→ **INPUT FOR THIS TASK**
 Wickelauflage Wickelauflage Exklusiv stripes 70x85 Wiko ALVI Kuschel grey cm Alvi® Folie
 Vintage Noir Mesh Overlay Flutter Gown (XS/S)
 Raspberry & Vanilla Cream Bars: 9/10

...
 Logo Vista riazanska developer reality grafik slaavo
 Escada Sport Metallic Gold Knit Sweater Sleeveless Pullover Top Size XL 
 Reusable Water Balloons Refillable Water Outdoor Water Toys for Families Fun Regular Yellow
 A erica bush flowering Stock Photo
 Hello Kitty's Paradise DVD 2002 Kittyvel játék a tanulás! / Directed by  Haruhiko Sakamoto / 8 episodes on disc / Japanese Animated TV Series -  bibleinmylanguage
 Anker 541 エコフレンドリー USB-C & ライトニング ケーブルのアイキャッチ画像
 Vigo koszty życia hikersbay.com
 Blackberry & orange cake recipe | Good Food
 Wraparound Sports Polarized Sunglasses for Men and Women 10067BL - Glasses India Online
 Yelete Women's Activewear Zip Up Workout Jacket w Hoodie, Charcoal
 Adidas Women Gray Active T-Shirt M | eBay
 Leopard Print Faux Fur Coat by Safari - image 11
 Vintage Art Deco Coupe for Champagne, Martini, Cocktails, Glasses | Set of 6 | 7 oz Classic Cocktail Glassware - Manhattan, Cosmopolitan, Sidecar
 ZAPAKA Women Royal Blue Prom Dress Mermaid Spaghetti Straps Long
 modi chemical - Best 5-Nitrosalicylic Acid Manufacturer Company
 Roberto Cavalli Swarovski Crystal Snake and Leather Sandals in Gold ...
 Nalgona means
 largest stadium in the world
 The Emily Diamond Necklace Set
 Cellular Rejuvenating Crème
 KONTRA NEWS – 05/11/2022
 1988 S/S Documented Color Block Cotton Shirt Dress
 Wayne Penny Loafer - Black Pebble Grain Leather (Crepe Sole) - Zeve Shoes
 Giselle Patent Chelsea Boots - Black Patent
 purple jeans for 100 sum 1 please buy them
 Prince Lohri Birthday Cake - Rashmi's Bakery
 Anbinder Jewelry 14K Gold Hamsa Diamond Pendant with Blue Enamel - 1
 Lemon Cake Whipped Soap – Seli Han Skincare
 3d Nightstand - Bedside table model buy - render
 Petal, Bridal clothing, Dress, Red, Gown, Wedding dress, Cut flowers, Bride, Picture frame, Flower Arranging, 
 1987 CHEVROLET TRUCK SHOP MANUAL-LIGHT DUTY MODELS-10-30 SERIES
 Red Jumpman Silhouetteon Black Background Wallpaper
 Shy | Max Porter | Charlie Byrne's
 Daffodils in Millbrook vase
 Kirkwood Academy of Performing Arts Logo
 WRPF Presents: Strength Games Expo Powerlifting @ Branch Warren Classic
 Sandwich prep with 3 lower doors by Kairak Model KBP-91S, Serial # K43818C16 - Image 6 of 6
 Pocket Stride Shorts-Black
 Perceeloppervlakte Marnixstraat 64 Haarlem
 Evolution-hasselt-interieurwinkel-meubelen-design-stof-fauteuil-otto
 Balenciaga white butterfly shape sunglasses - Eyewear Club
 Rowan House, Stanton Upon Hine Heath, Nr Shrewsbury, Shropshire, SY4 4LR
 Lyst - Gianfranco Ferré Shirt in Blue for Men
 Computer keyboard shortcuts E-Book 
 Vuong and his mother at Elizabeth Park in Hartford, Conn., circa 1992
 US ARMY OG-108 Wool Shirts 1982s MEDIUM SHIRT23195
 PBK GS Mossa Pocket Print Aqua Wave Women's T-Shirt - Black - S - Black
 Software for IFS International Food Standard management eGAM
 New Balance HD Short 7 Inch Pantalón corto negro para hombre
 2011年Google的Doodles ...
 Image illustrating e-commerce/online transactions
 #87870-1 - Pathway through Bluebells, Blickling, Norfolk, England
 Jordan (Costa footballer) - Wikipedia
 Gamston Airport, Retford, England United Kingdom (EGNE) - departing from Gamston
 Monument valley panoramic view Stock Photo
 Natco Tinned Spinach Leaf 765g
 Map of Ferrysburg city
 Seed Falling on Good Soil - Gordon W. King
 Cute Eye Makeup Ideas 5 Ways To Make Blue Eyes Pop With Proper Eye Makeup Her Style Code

→ **PROBLEM**
Nothing in the data may be omitted; transcribe it exactly.

→ **OUTPUT**
 Wickelauflage Wickelauflage Exklusiv stripes 70x85 Wiko ALVI Kuschel grey cm Alvi® Folie
 Vintage Noir Mesh Overlay Flutter Gown (XS/S)
 Raspberry & Vanilla Cream Bars: 9/10

...
 Logo Vista riazanska developer reality grafik slaavo
 Escada Sport Metallic Gold Knit Sweater Sleeveless Pullover Top Size XL 
 Reusable Water Balloons Refillable Water Outdoor Water Toys for Families Fun Regular Yellow
 A erica bush flowering Stock Photo
 Hello Kitty's Paradise DVD 2002 Kittyvel játék a tanulás! / Directed by  Haruhiko Sakamoto / 8 episodes on disc / Japanese Animated TV Series -  bibleinmylanguage
 Anker 541 エコフレンドリー USB-C & ライトニング ケーブルのアイキャッチ画像
 Vigo koszty życia hikersbay.com
 Blackberry & orange cake recipe | Good Food
 Wraparound Sports Polarized Sunglasses for Men and Women 10067BL - Glasses India Online
 Yelete Women's Activewear Zip Up Workout Jacket w Hoodie, Charcoal
 Adidas Women Gray Active T-Shirt M | eBay
 Leopard Print Faux Fur Coat by Safari - image 11
 Vintage Art Deco Coupe for Champagne, Martini, Cocktails, Glasses | Set of 6 | 7 oz Classic Cocktail Glassware - Manhattan, Cosmopolitan, Sidecar
 ZAPAKA Women Royal Blue Prom Dress Mermaid Spaghetti Straps Long
 modi chemical - Best 5-Nitrosalicylic Acid Manufacturer Company
 Roberto Cavalli Swarovski Crystal Snake and Leather Sandals in Gold ...
 Nalgona means
 largest stadium in the world
 The Emily Diamond Necklace Set
 Cellular Rejuvenating Crème
 KONTRA NEWS – 05/11/2022
 1988 S/S Documented Color Block Cotton Shirt Dress
 Wayne Penny Loafer - Black Pebble Grain Leather (Crepe Sole) - Zeve Shoes
 Giselle Patent Chelsea Boots - Black Patent
 purple jeans for 100 sum 1 please buy them
 Prince Lohri Birthday Cake - Rashmi's Bakery
 Anbinder Jewelry 14K Gold Hamsa Diamond Pendant with Blue Enamel - 1
 Lemon Cake Whipped Soap – Seli Han Skincare
 3d Nightstand - Bedside table model buy - render
 Petal, Bridal clothing, Dress, Red, Gown, Wedding dress, Cut flowers, Bride, Picture frame, Flower Arranging, 
 1987 CHEVROLET TRUCK SHOP MANUAL-LIGHT DUTY MODELS-10-30 SERIES
 Red Jumpman Silhouetteon Black Background Wallpaper
 Shy | Max Porter | Charlie Byrne's
 Daffodils in Millbrook vase
 Kirkwood Academy of Performing Arts Logo
 WRPF Presents: Strength Games Expo Powerlifting @ Branch Warren Classic
 Sandwich prep with 3 lower doors by Kairak Model KBP-91S, Serial # K43818C16 - Image 6 of 6
 Pocket Stride Shorts-Black
 Perceeloppervlakte Marnixstraat 64 Haarlem
 Evolution-hasselt-interieurwinkel-meubelen-design-stof-fauteuil-otto
 Balenciaga white butterfly shape sunglasses - Eyewear Club
 Rowan House, Stanton Upon Hine Heath, Nr Shrewsbury, Shropshire, SY4 4LR
 Lyst - Gianfranco Ferré Shirt in Blue for Men
 Computer keyboard shortcuts E-Book 
 Vuong and his mother at Elizabeth Park in Hartford, Conn., circa 1992
 US ARMY OG-108 Wool Shirts 1982s MEDIUM SHIRT23195
 PBK GS Mossa Pocket Print Aqua Wave Women's T-Shirt - Black - S - Black
 Software for IFS International Food Standard management eGAM
 New Balance HD Short 7 Inch Pantalón corto negro para hombre
 2011年Google的Doodles ...
 Image illustrating e-commerce/online transactions
 #87870-1 - Pathway through Bluebells, Blickling, Norfolk, England
 Jordan (Costa footballer) - Wikipedia
 Gamston Airport, Retford, England United Kingdom (EGNE) - departing from Gamston
 Monument valley panoramic view Stock Photo
 Natco Tinned Spinach Leaf 765g
 Map of Ferrysburg city
 Seed Falling on Good Soil - Gordon W. King
 Cute Eye Makeup Ideas 5 Ways To Make Blue Eyes Pop With Proper Eye Makeup Her Style Code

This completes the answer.